Best practices comprehensively document the core analysis processes and include these in the core analysis report, as in the example below:

Porosity Determination

The samples were loaded into a Hassler (Core Laboratories, 2014) (Figure 1) core holder (Hassler core holders have radial pressure applied to the core sample) at a confining pressure of 200 psia. Direct pore volume measurements were made using Boyle’s Law methods with helium (Figure 2) as the gaseous medium (Smithson, 2012). The Boyle’s Law (Figure 3) technique for measuring a rock sample’s porosity is a gas transfer method that involves the compression of gas into the pores, or the expansion of gas from the pores, of a clean, dry rock sample. It is an accurate technique when it has been performed carefully, as in this case; it is also a reasonably quick process for the majority of typical core samples. It leaves core material that can be used for further testing. Samples were clean and dry, thus avoiding erroneously low porosity values being generated.

Appropriate screen pore volume tares were applied to each sample. Porosity was calculated using the following equation:

$\textrm{Porosity (percentage)} = \dfrac{V_p}{V_p + V_g} \times 100$

where:

$V_{g}$ = Grain Volume

$V_{p}$ = Pore Volume

Cone and Kersey (2010) review laboratory methods for determining porosity. Darlak et al. (2010) discuss the methodological aspects of porosity and pore space measurement in shale rocks. Kazimierz et al. (2004) evaluate the rock porosity measurement accuracy with a helium porosimeter.

Permeability to Air Determination

Dry gas has been used in the laboratory permeability determinations, primarily because it minimizes the fluid-rock reactions. It is also easy to use. In the laboratory, gas is caused to flow through a clean and dry sample of measured length and diameter. The pressure differential and flow rates are measured and the air permeability is calculated from the Darcy equation (Figure 4).

darcy's law equation — **Figure 4**: Darcy’s Law equation

In the linear flow system, the Darcy equation is used to calculate the permeability to a compressible gas, and the rate of flow of the gas is expressed as the mean pressure existing within the core sample. The permeability to air measurements were made after the pore volume determination by the steady state method with pressure release.

$K_a = \dfrac{P_a \, visg \,1000 }{\left ( P_1 - P_2 \right )\, \left (\dfrac{P_1 + P_2}{2} \right )}\times \dfrac{Q_a \, L^2}{V_b}$

where:

$K_{a}$ = Permeability to air

$visg$ = Viscosity of the gas

$\left ( P_1 - P_2 \right )$ = Differential pressure

$\frac{P_1 + P_2}{2}$ = Mean pressure

$P_{a}$ = Atmospheric pressure

$Q_{a}$ = Flow rate

$L$ = Length

$V_{b}$ = Bulk volume

Bustin et al. (2010) review the measurement of gas permeability in tight rocks and unconventional reservoirs.
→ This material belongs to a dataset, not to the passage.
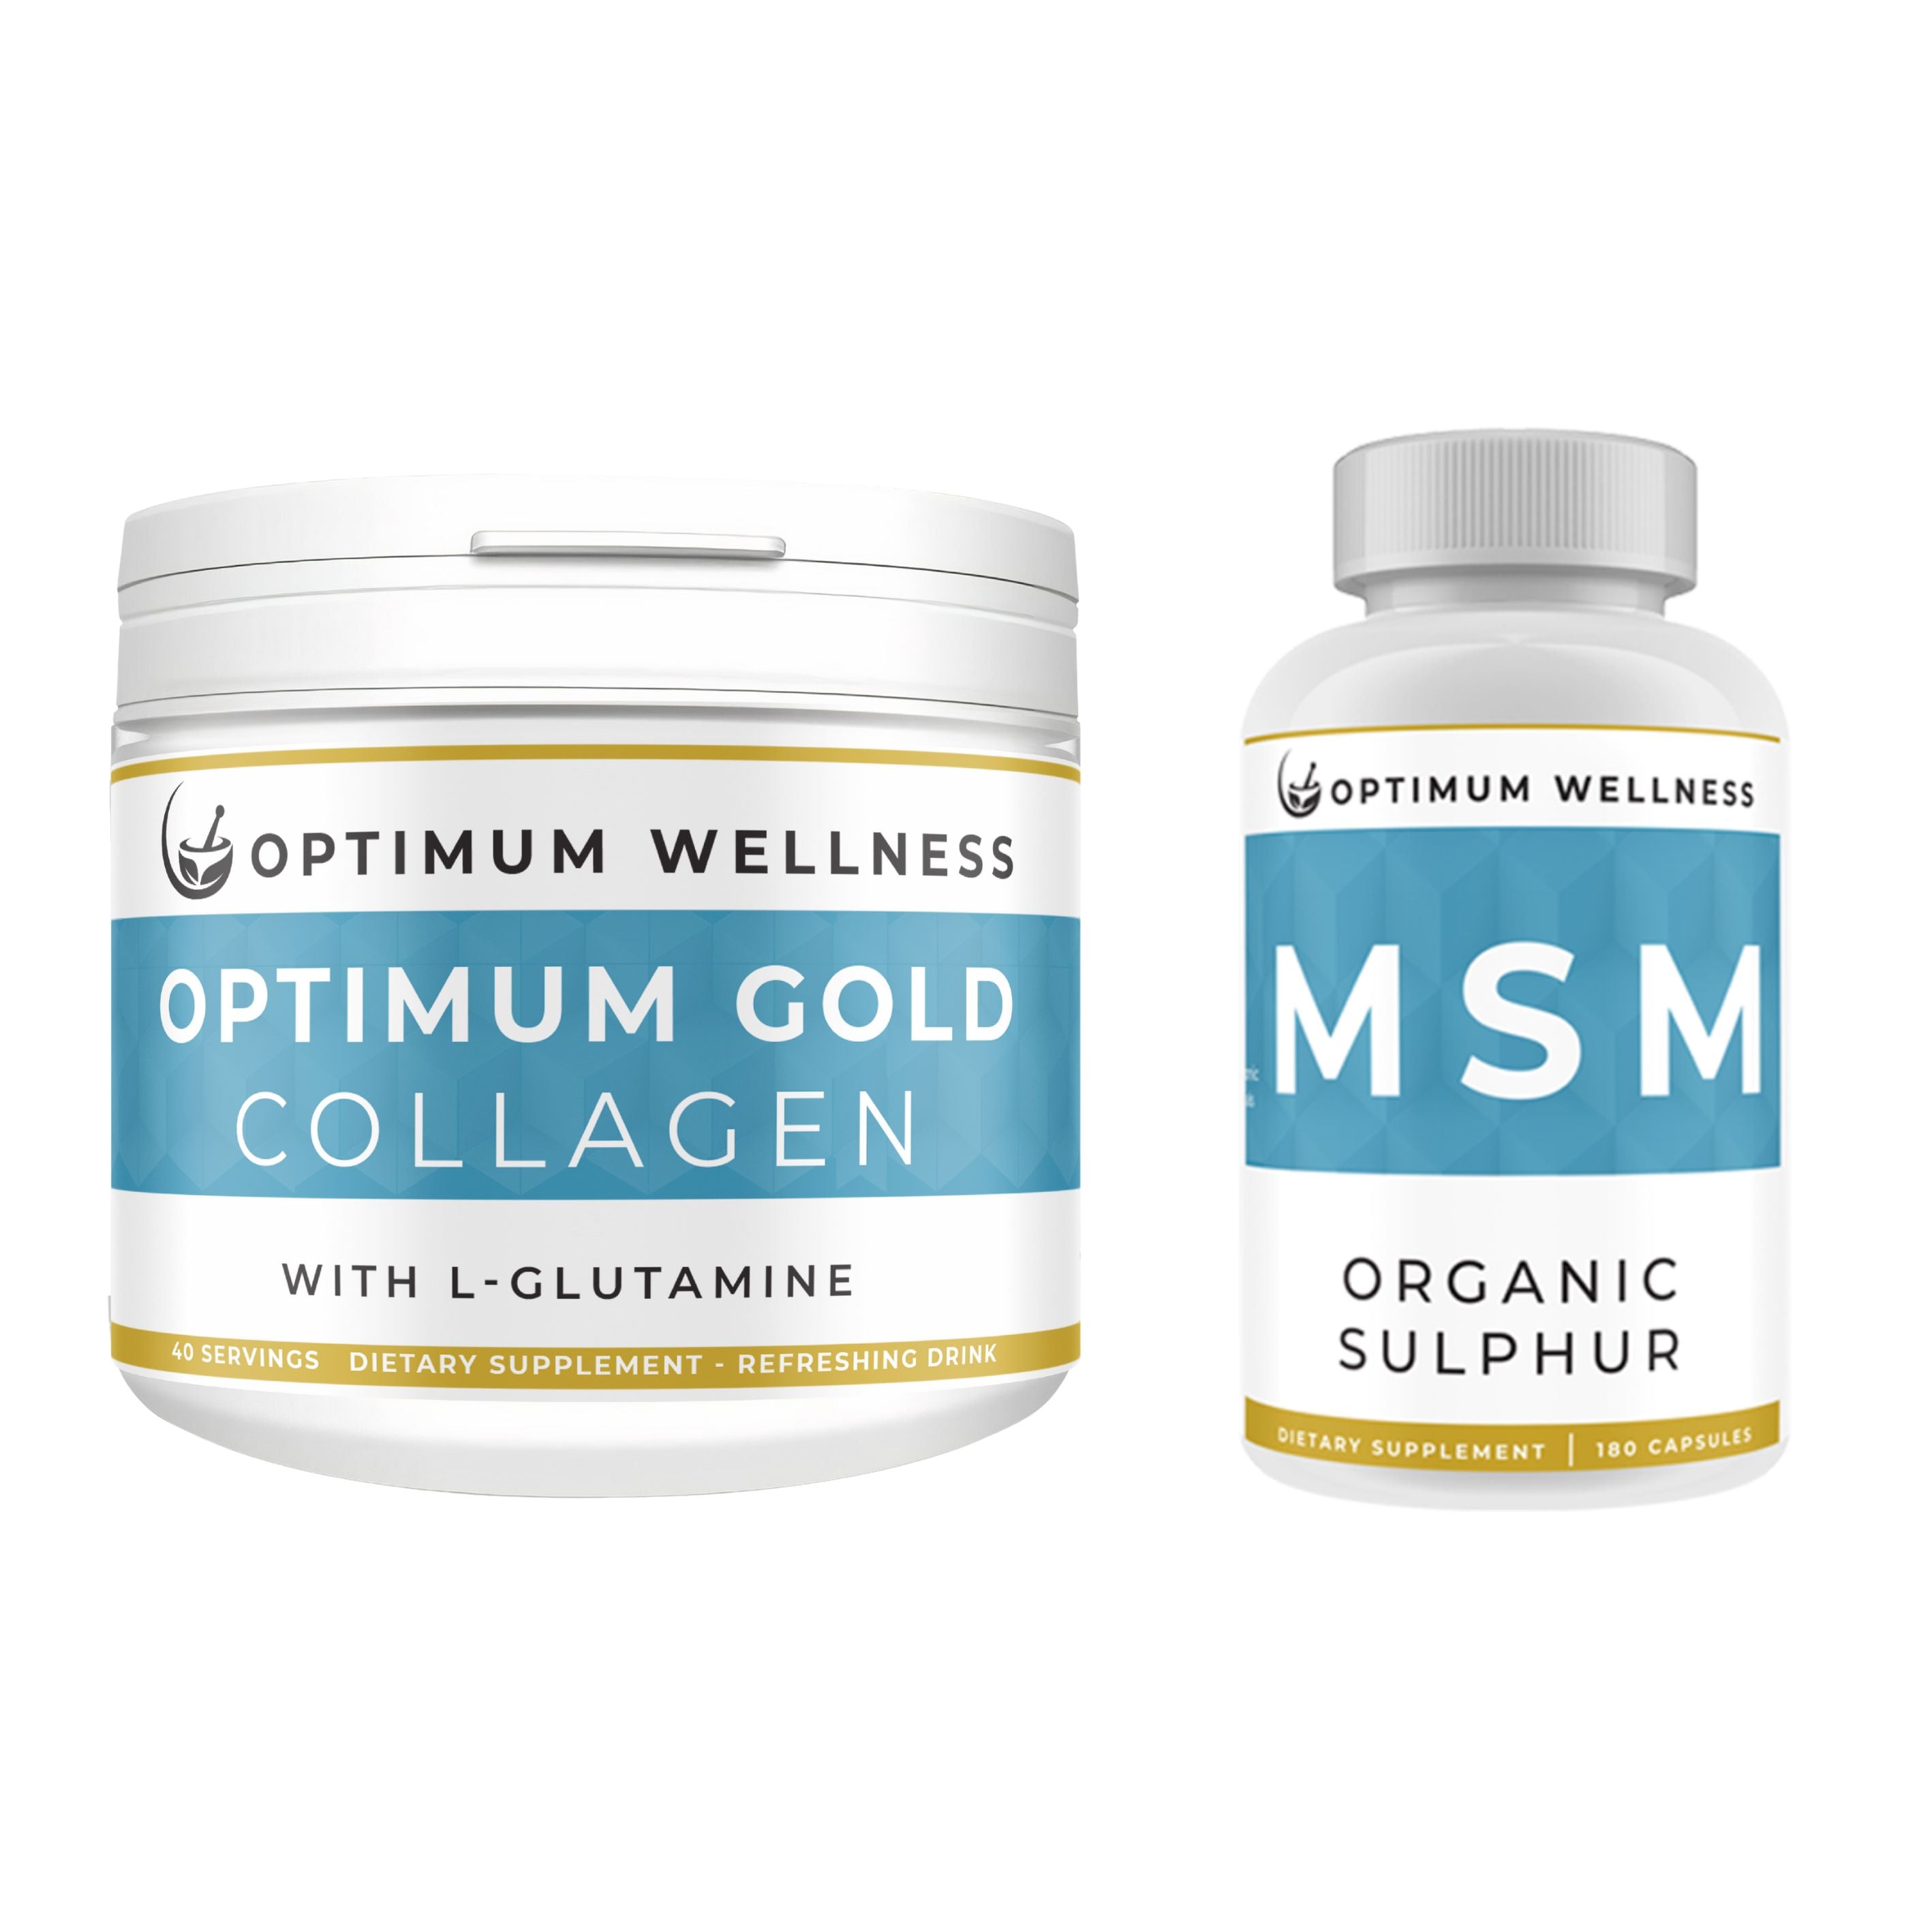 improve the amount of elasticity in your skin and reduce joint pain. In addition, the Gold MSM helps to manage pain, reduce inflammation, and increase mobility.
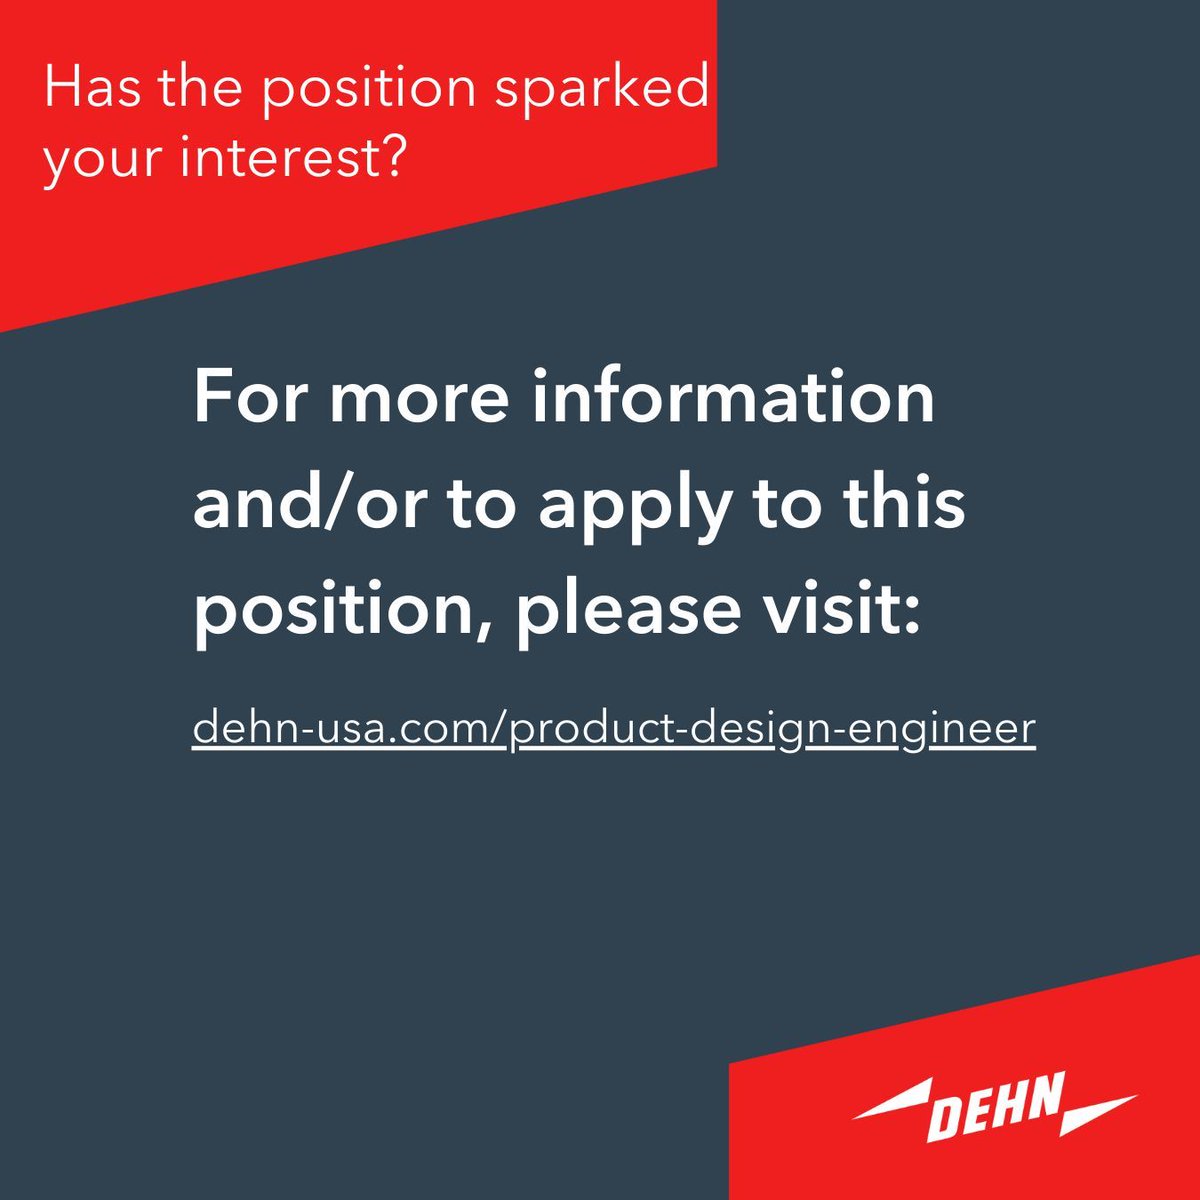 We are excited to announce a vacancy for a product design engineer position. Join our team and be part of a dynamic environment where your skills will be valued. Apply now and take the next step in your career! #DEHNprotects #joboffer

Kieschnick et al. (2010) review the core technology for evaluating the Bakken unconventional reservoir.

Grain Density Determination

The grain density of a rock is defined as the weight of the rock (exclusive of the weight of the fluids contained within the pore space) divided by the volume of the solid rock material (exclusive of the pore space). The grain density varies primarily with the mineral composition of the rock and the state of hydration of the minerals. Grain volume determinations were performed using an extended range helium porosimeter (Figure 5) according to Boyle’s Law. Metal jacket and end-screen weight and volume corrections were applied to the jacketed samples.

The grain density was calculated using the following equation:

$Dma = \dfrac{M_g}{V_g}$

where:

$Dma$ = Grain Density

$V_{g}$ = Grain Volume

$M_{g}$ = Humid Grain Mass

Some of the core samples contain large quantities of hydratable clays. All of the core samples were dried in a humidity oven, ensuring that two molecular layers of water are maintained on the clay surfaces.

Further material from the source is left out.